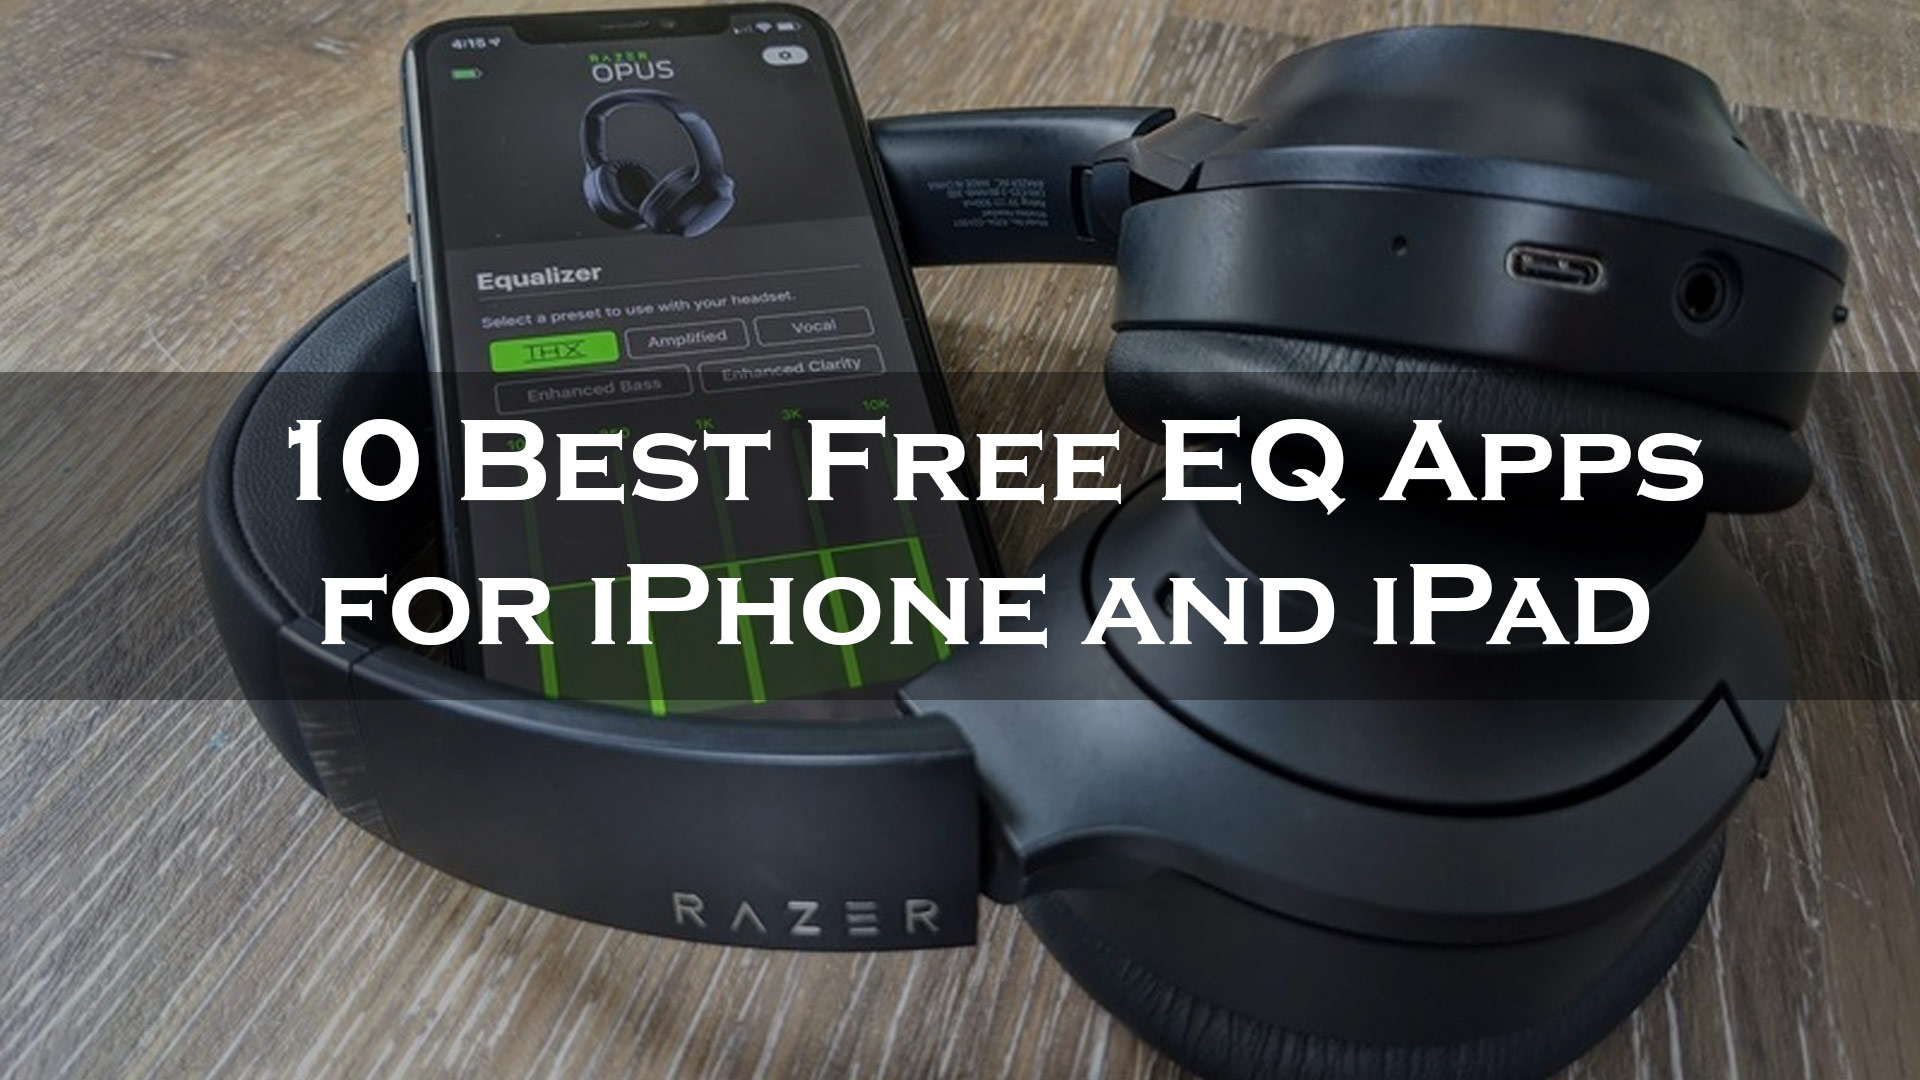 10 Best Free EQ Apps for iPhone and iPad
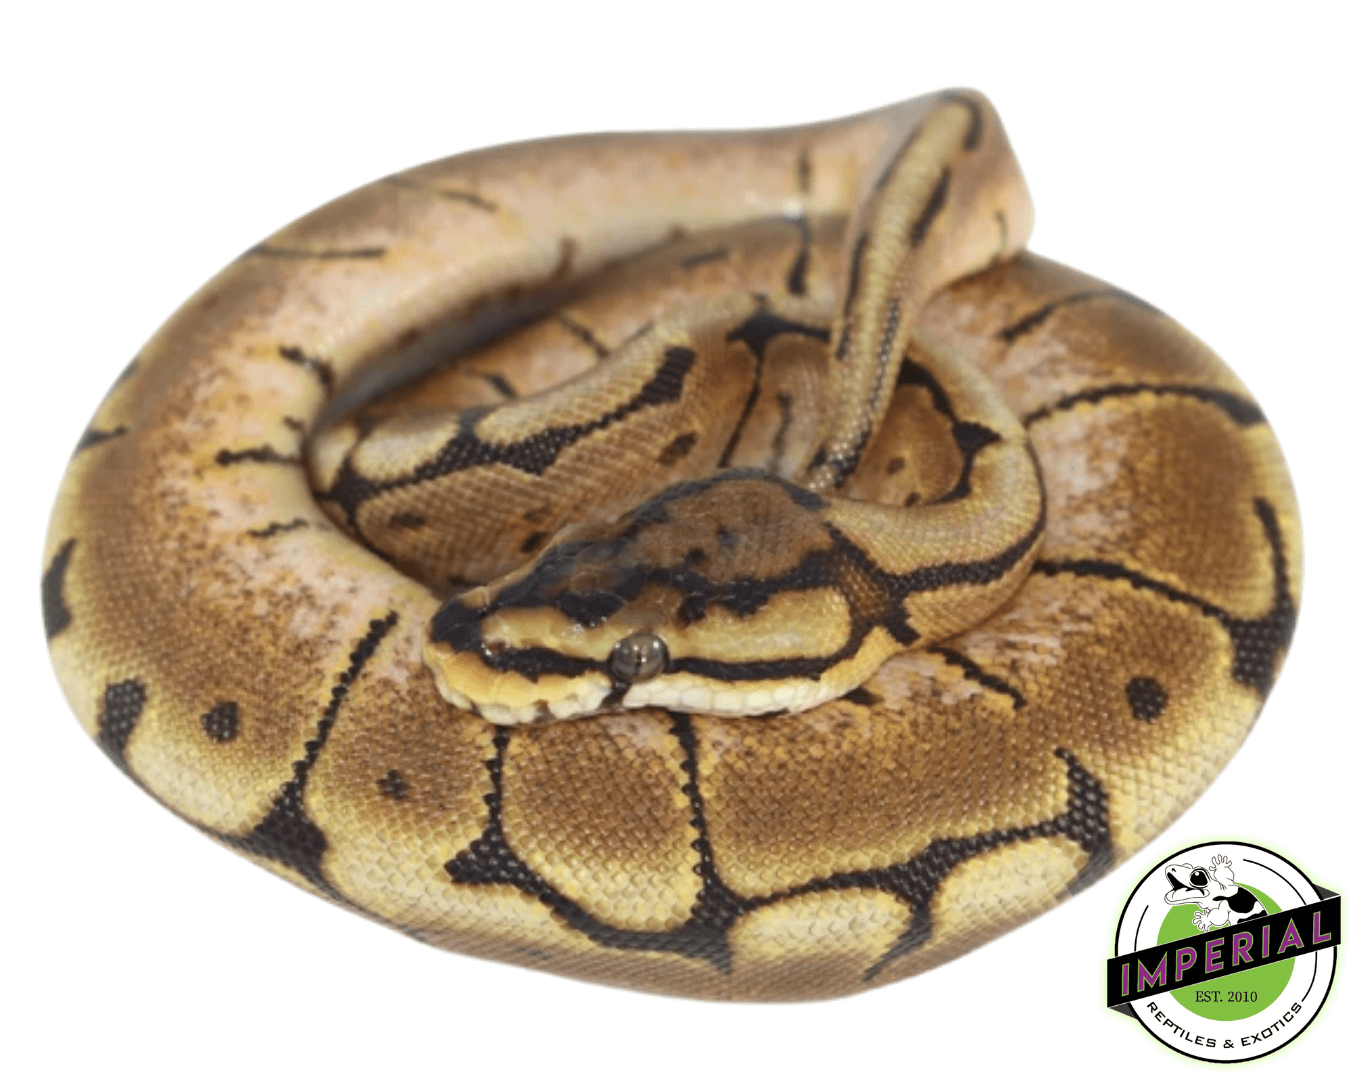 spider ball python for sale, buy reptiles online
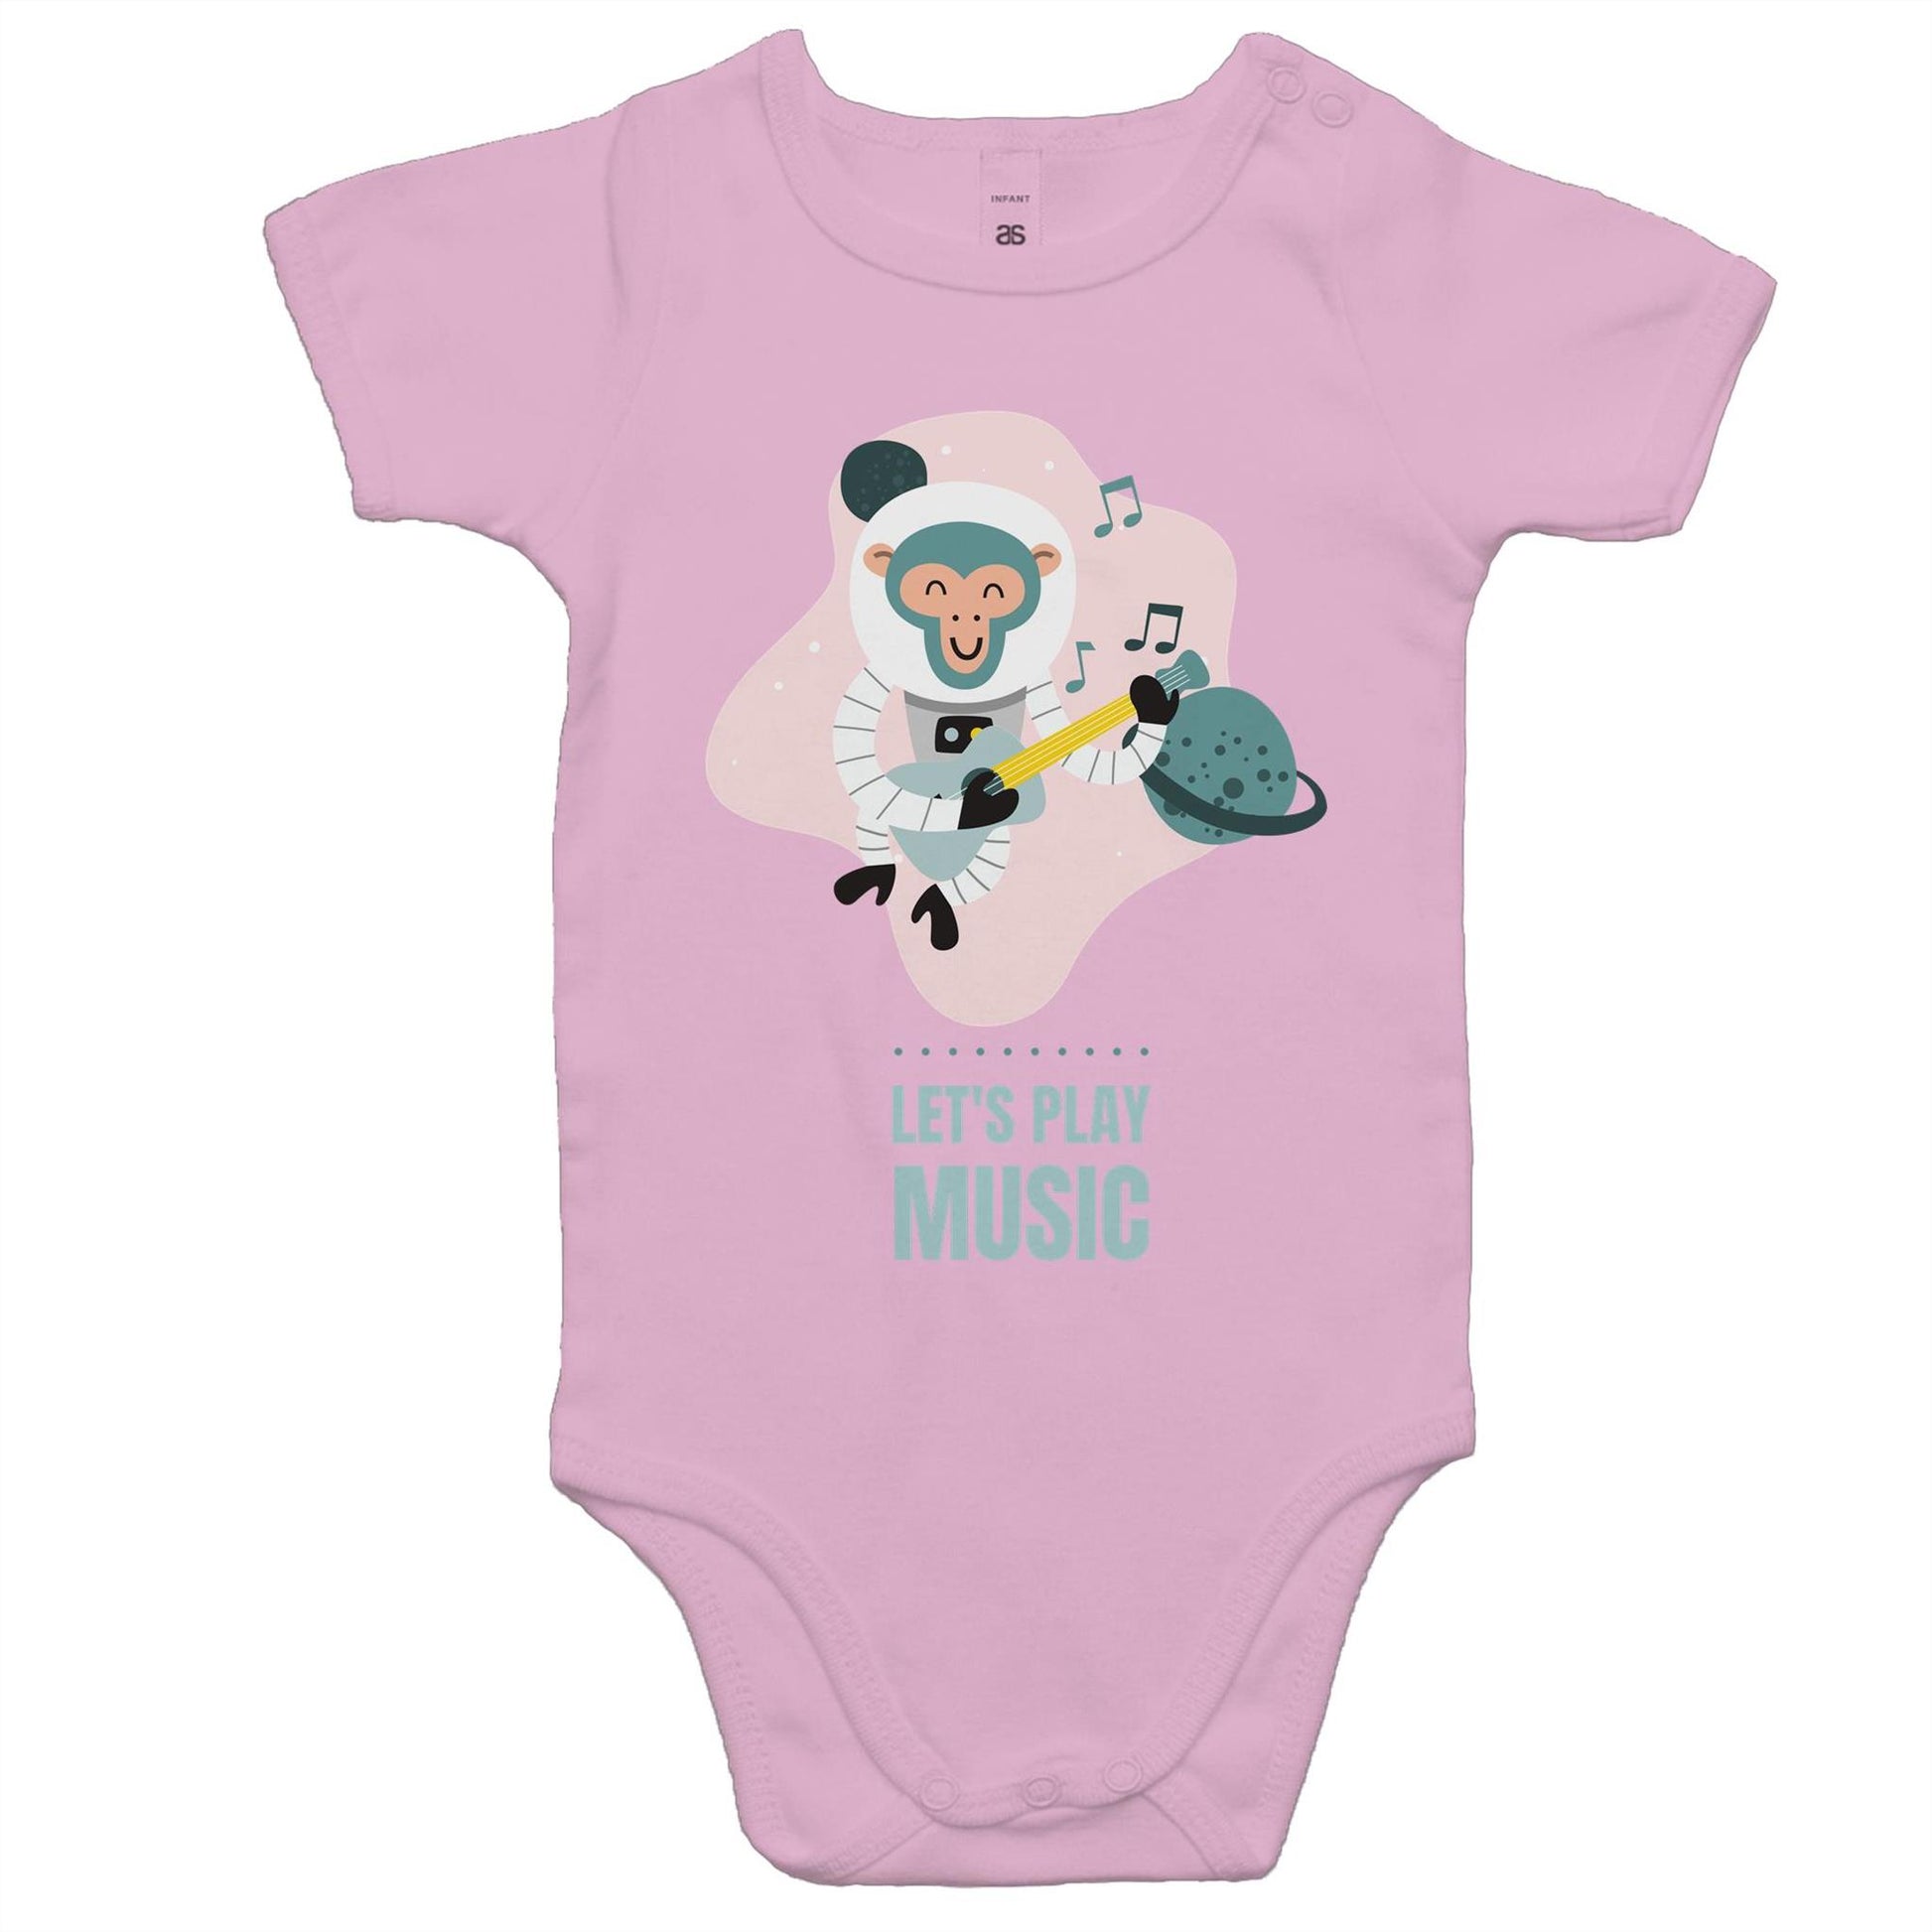 Let's Play Music - Baby Bodysuit Pink Baby Bodysuit animal Dad Music Space

---

Problem description:
Both the line containing "spider ball python" and the last line of the listing above belong in the copy, along with every line between them; retype them exactly and omit the pictures.

Solution to this exercise:
 spider ball python for sale, buy reptiles online
 Let's Play Music - Baby Bodysuit Pink Baby Bodysuit animal Dad Music Space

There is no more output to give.